Jewish Teens Find Out Man They Helped Rescue From Water Has Swastika Tattoo

Jewish Teens Find Out Man They Helped Rescue From Water Has Swastika Tattoo
Chestnut Hill Reservoir in Massachusetts. (Screenshot/Google Maps)

A group of Jewish teenagers in Massachusetts helped saved the life of a man with a swastika tattoo.

The four teens study at an orthodox Jewish high school in Brighton. They were on a walk around the Chestnut Hill Reservoir on the night of May 17 when they saw a man floating in the water, NBC10 reported.

Boston College police officer Carl Mascioli was on patrol when the teens ran over to him to alert him about the person.
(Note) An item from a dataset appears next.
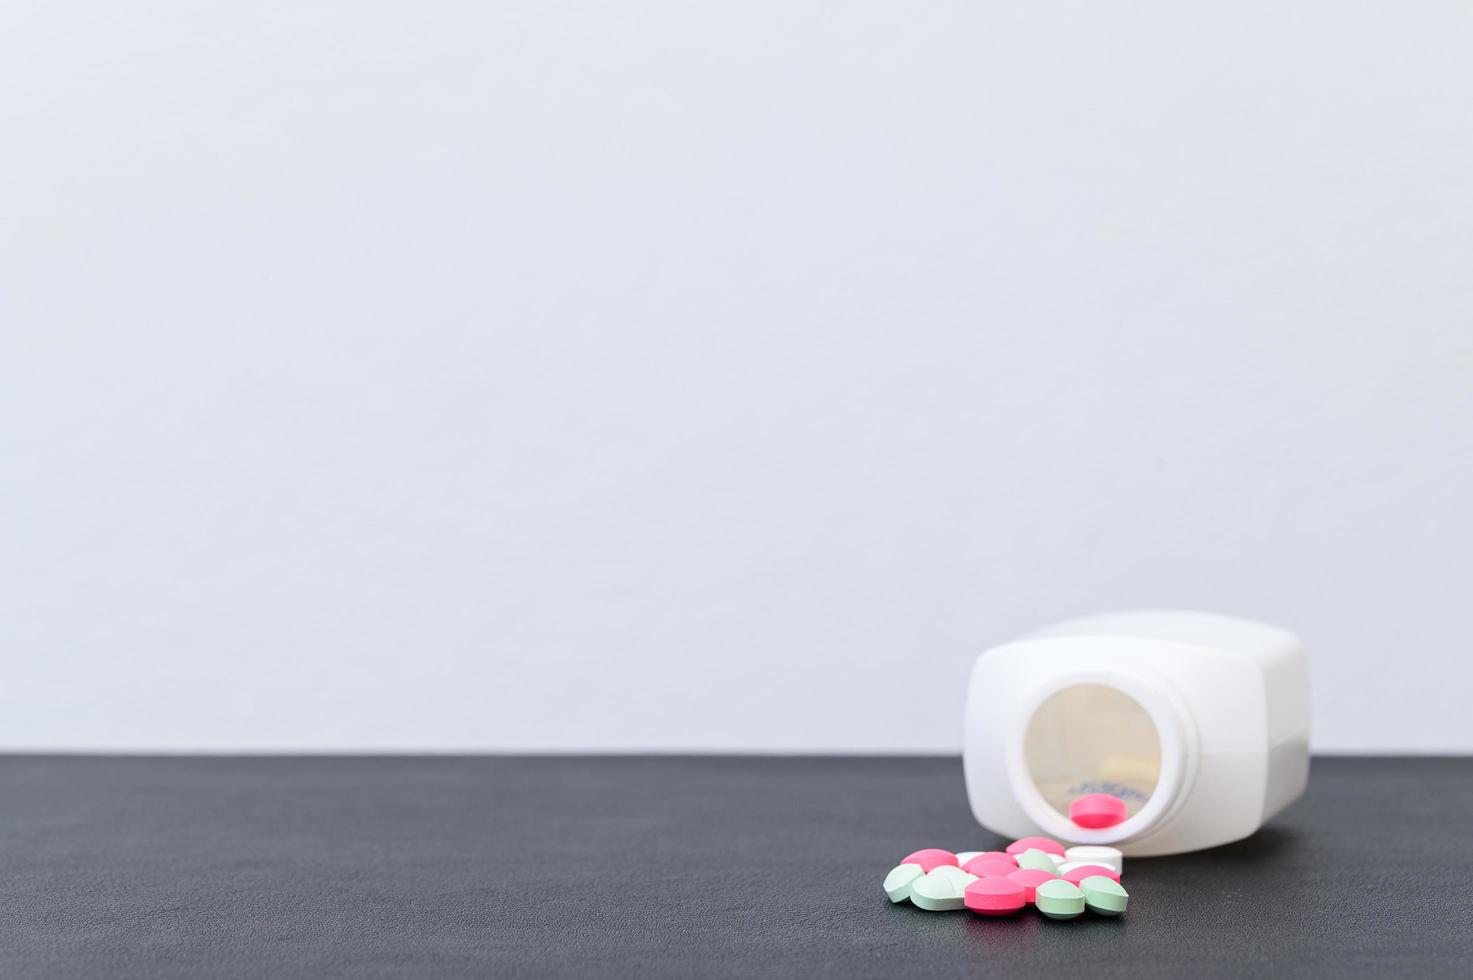 Medikamentenbehälter und Pillen auf dem Schreibtisch foto

Mascioli saw a half-submerged person, not moving, and pulled him out.

“While I was pulling him out of the water, I also observed that he had a swastika on his hand,” Mascioli told NBC10.

The teens didn’t think much of the swastika.

“I kind of let the gentlemen know sometimes some deeds have a funny way of turning around,” Mascioli told NBC10. “Their good deed had a little bit of a twist to it.”

The teens were not permitted to speak with NBC10, but they left a message with the police officer for the man they helped save.

“They wanted just to let him know that it was four young Jewish boys that helped save his life,” Mascioli told NBC10. “A good deed is a good deed and that’s part of life. We should be helping everybody out.”

Police say the man may not have survived if the police officer wasn’t alerted to his presence, NBC10 reported. It is not clear why he was in the water.

The Swastika

Although many associate the swastika with the National Socialist (Nazi) Party of Germany, the symbol has a much longer history with different associations before Hitler, Word War II, and the Holocaust.

According to the Merriam-Webster dictionary online, the older definition of a swastika is “a symbol or ornament in the form of a Greek cross with the ends of the arms extended at right angles all in the same rotary direction.”

Swastika came from the word svastika, which is a word in the ancient Indian language of Sanskrit. The Sanskrit term means “well-being,” according to Merriam-Webster. The etymology also cites that it was regarded as a symbol of good luck.

A BBC report says that before the symbol obtained its modern associations with Hitler, it had “been used as a symbol of good fortune in almost every culture in the world.” The article shows images of the swastika in use as a religious symbol in Asia, as well as its secular use as a symbol of luck in product design in the United States.

The article describes how German scholars studying Indian texts opened up the symbol to German audiences. It was later appropriated by the German Nazi movement.

The article also points to ancient European usages of the swastika by Ancient Greeks, Celts, and Anglo-Saxons. The article shows pictures of ancient European artifacts that contain swastika motifs.

It is not clear if the tattoo of the rescued man was meant to be a symbol of this ancient history or of the modern interpretation given it due to the atrocities committed by Hitler and the Nazi Party. Further information about the rescued man has yet to be released.